• [How to complete this task]: Give back, unaltered, the lines from the one with "Vintage Fendi Zucca" to the end of the material, omitting pictures.
Start of Information shown
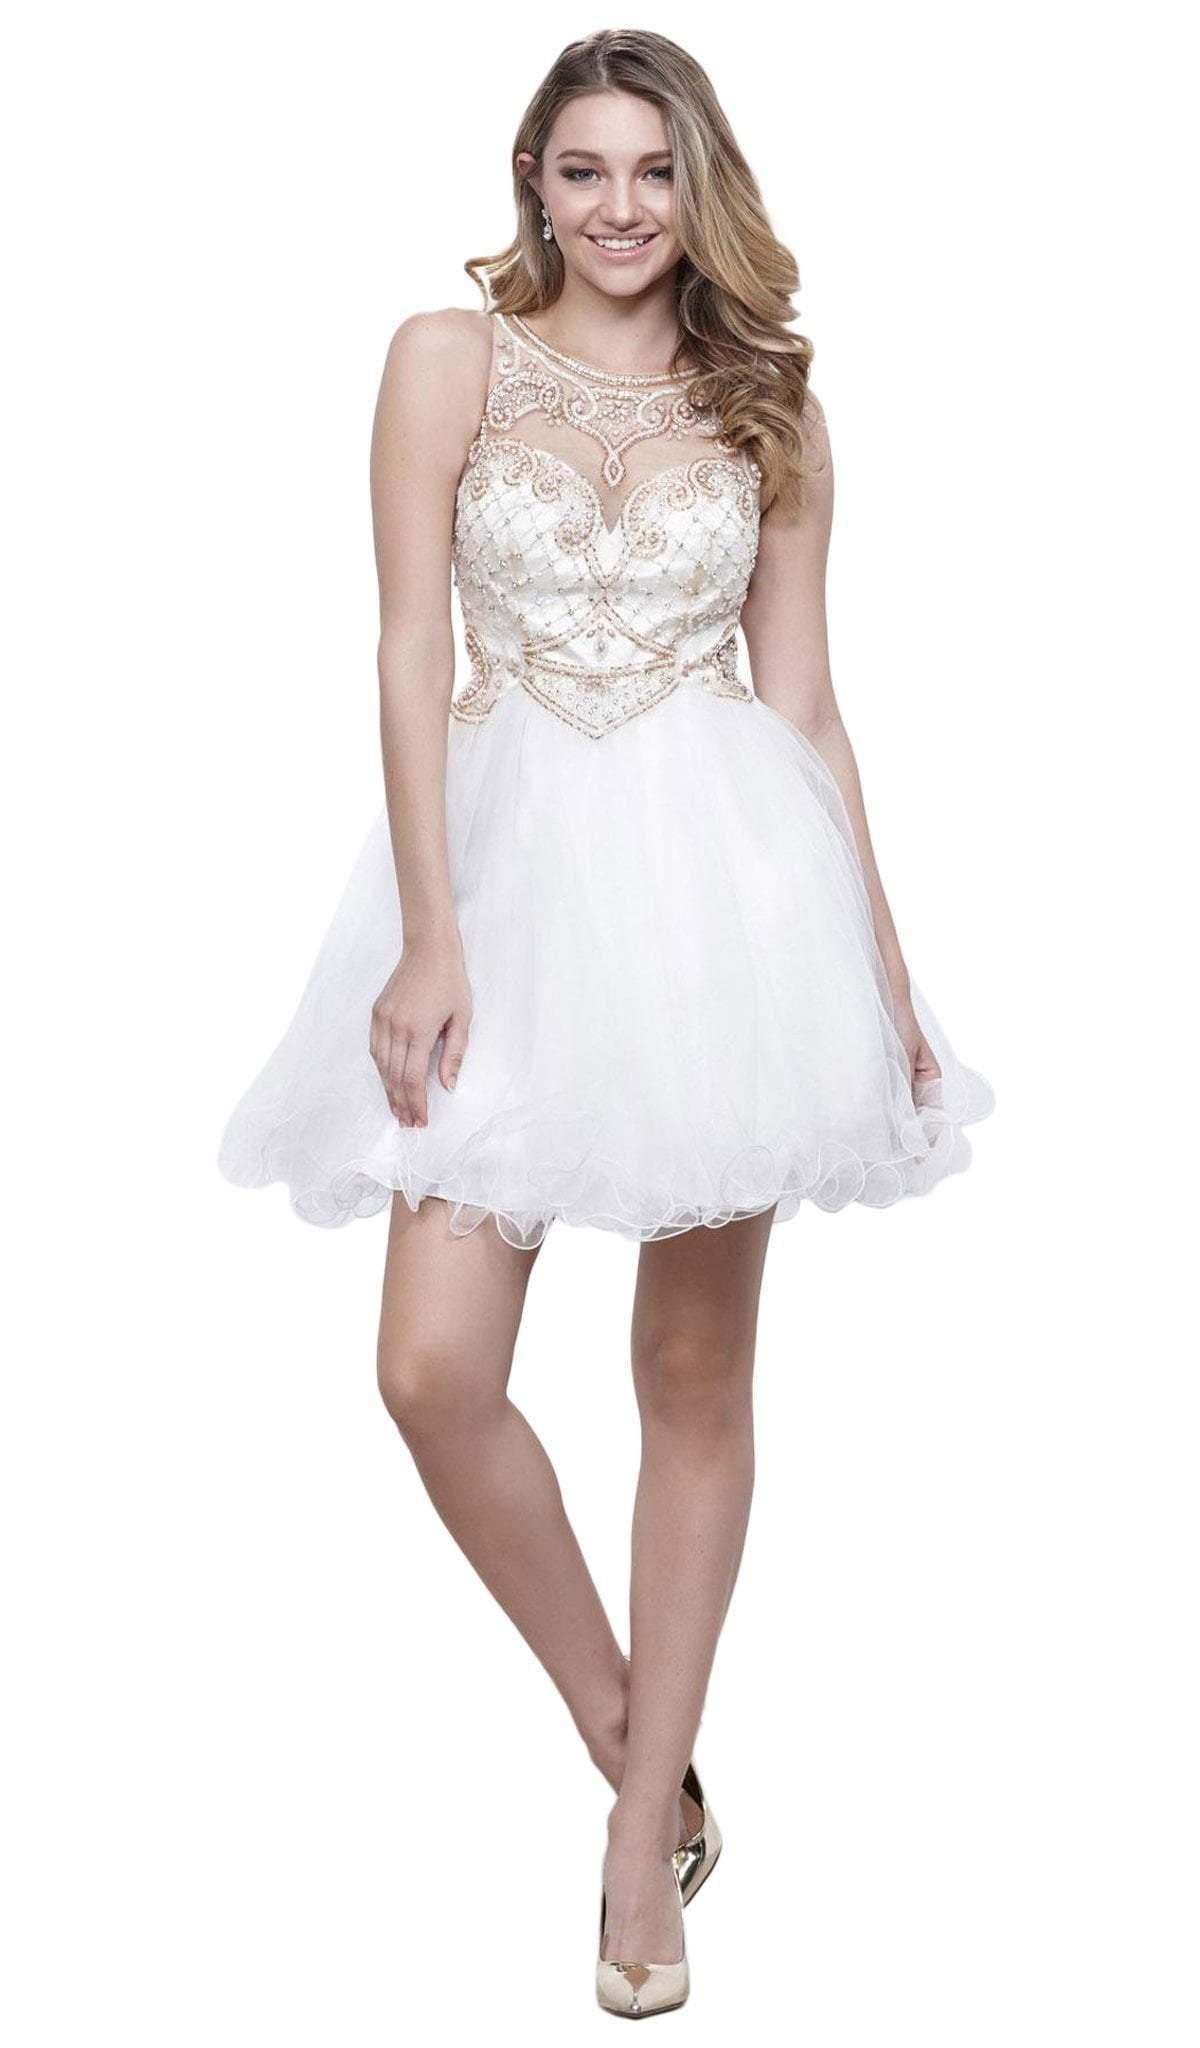 Nox Anabel - 6271 Bead-Embellished Illusion Cocktail Dress
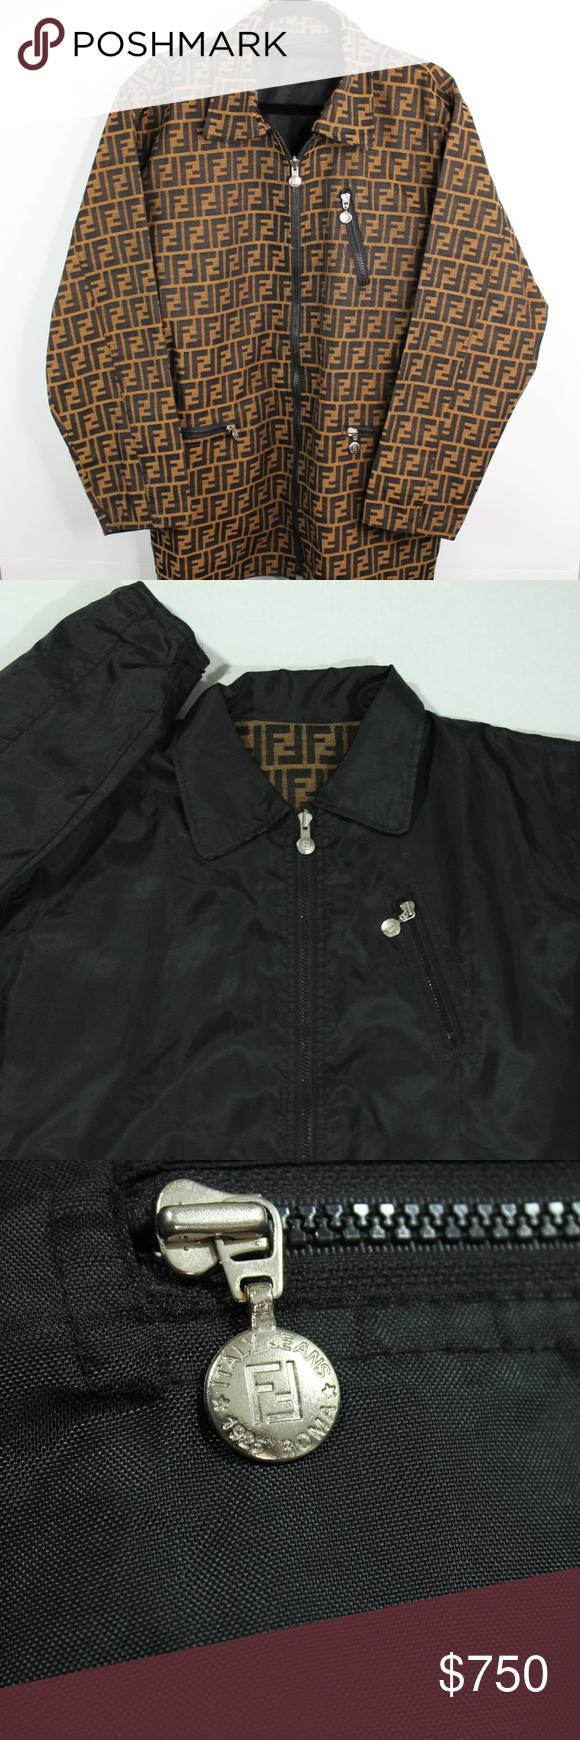 Vintage Fendi Zucca Monogram Reversible Jacket 10 Vintage Authentic Fendi Zucca Monogram Reversible Jacke Reversible Jackets Reversible Jacket Men Mens Jackets
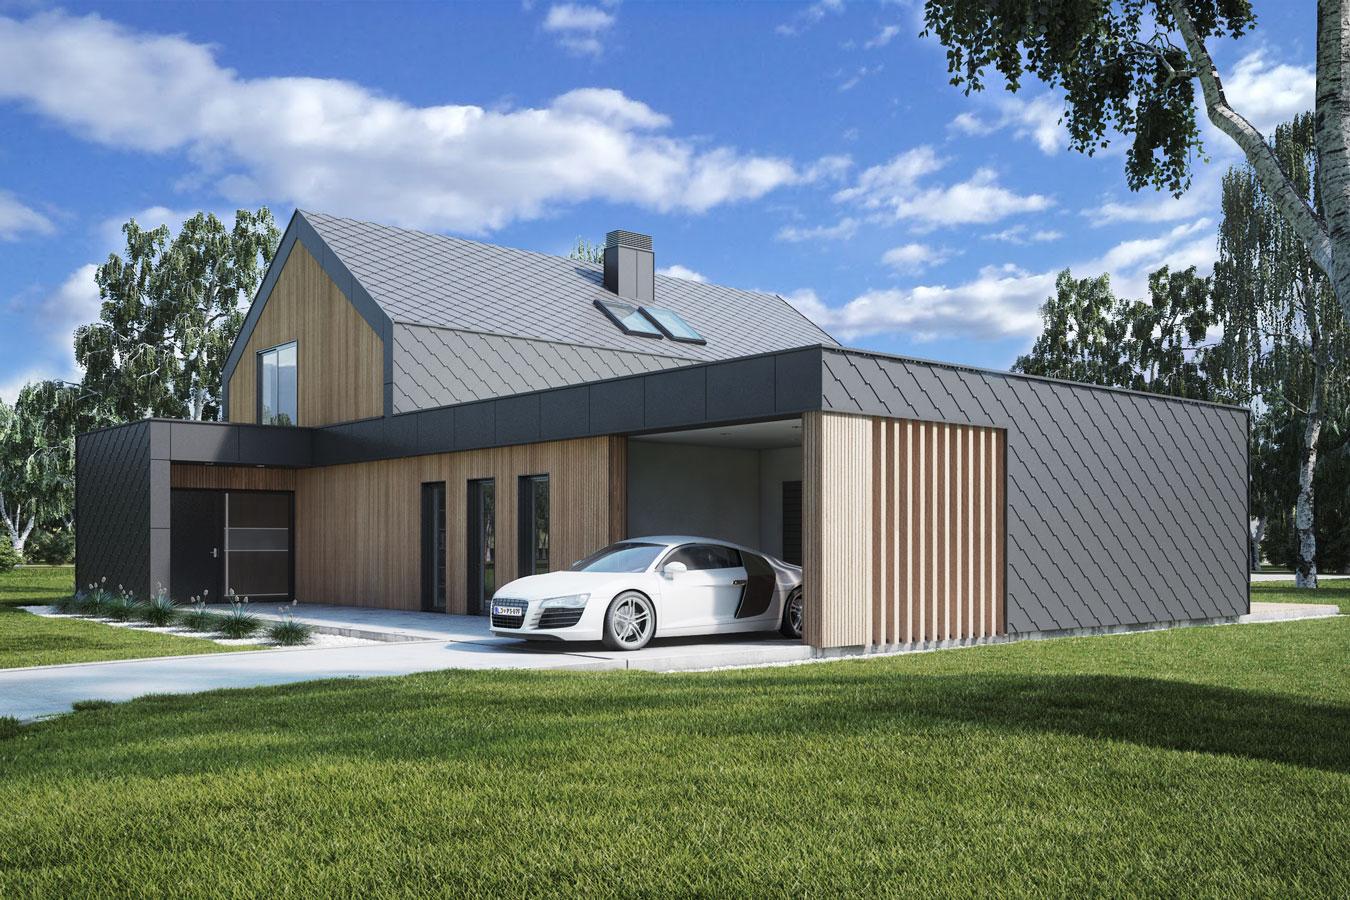 arhitekturni biro 2AMV načrtovanje gradbeno dovoljenje
End of Information shown
• [Exercise result]:
 Vintage Fendi Zucca Monogram Reversible Jacket 10 Vintage Authentic Fendi Zucca Monogram Reversible Jacke Reversible Jackets Reversible Jacket Men Mens Jackets
 arhitekturni biro 2AMV načrtovanje gradbeno dovoljenje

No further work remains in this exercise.